Note that at the exam you will be asked to explain the steps you made, and how the final solution behaves and how it uses local memories.
The loop (and other) transformations you may need are mainly the following:
Merge loops (note that loop bounds should be made equal first).
Loop bump: this is used to make bounds of two successive loops equal in order to
merge them in the next step.
E.g. for i=1..10 .. A[i] is changed into for i=3..12 .. A[i-2]...
Unrolling outerloop followed by Jam.
Jam means merging the two (or more) innerloops which are created by unrolling the outerloop twice (or more).
This is often one of the aims for doing a merge:
B[i] = f(A[i])
C[i-1] = B[i]
b = f(A[i])
C[i-1] = b
Reorder statements (a statement can also be an inner loop)
E.g. split a loop for i=1..100 into two loops, for i=1..3 and for i=4..100
Inplace mapping (intra or inter inplace).
See the treated slides for examples on this. Inplace mapping exploits the limited lifetime of array elements.
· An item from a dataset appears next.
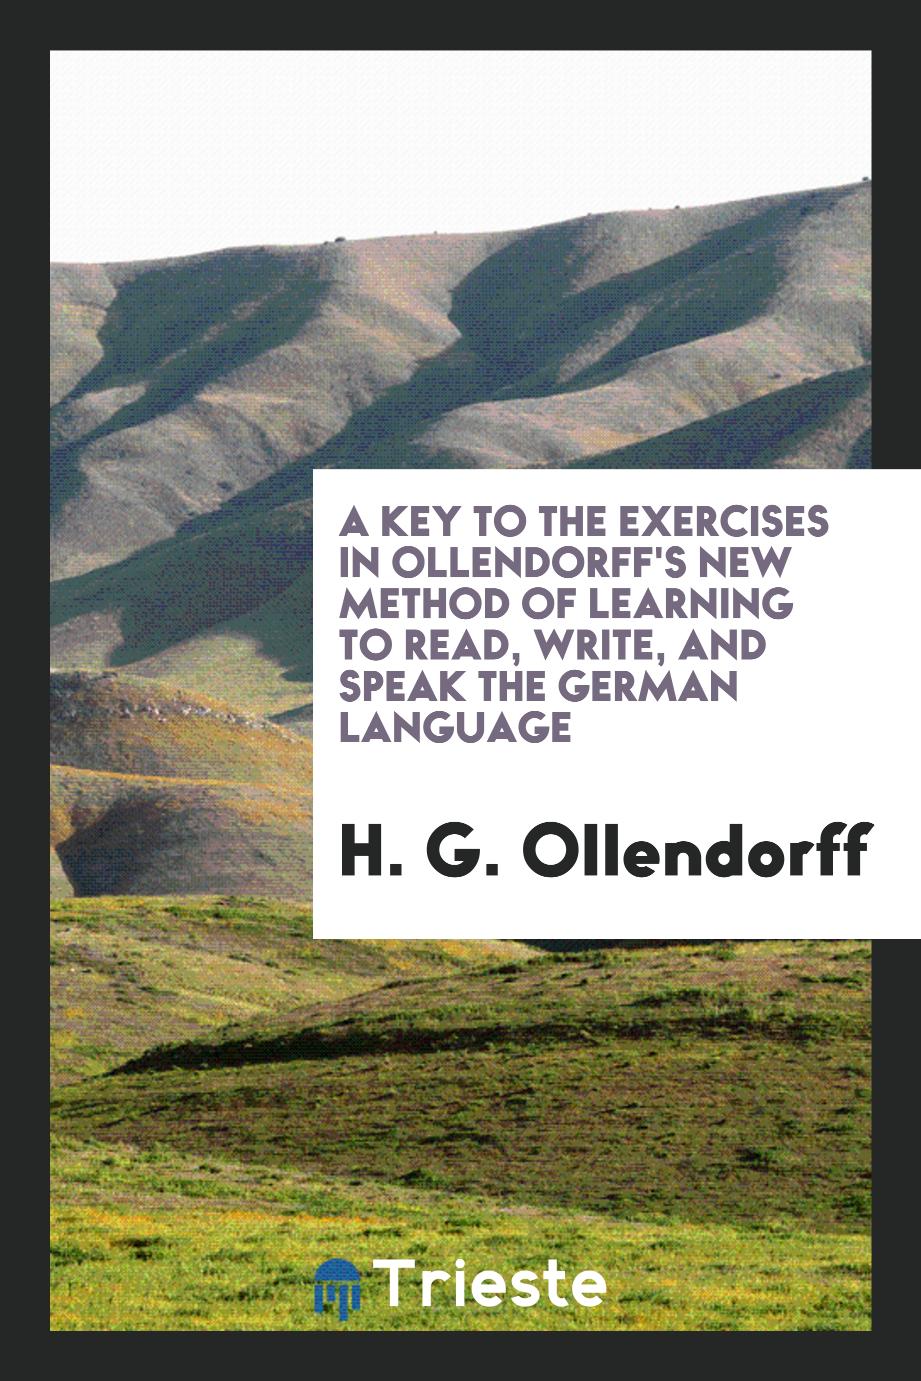 A Key to the Exercises in Ollendorff's New Method of Learning to Read, Write, and Speak the German Language

You should always check if the transformations are allowed !! Check the array dependences (between a read/use and a previous write/def of array elements). Anyway, if you make errors, you will notice an incorrect program or picture.
The general goal of all these transformations is to combine most of the loops (that is the 5 transformations: CR and CB horizontal and vertical upsampling, and the yuv-rgb color conversion), such that intermediate arrays can be scalar reduced (see above), i.e. completely removing the required intermediate buffer, or at least greatly reduced in size.
Let's see who can come up which the best result !!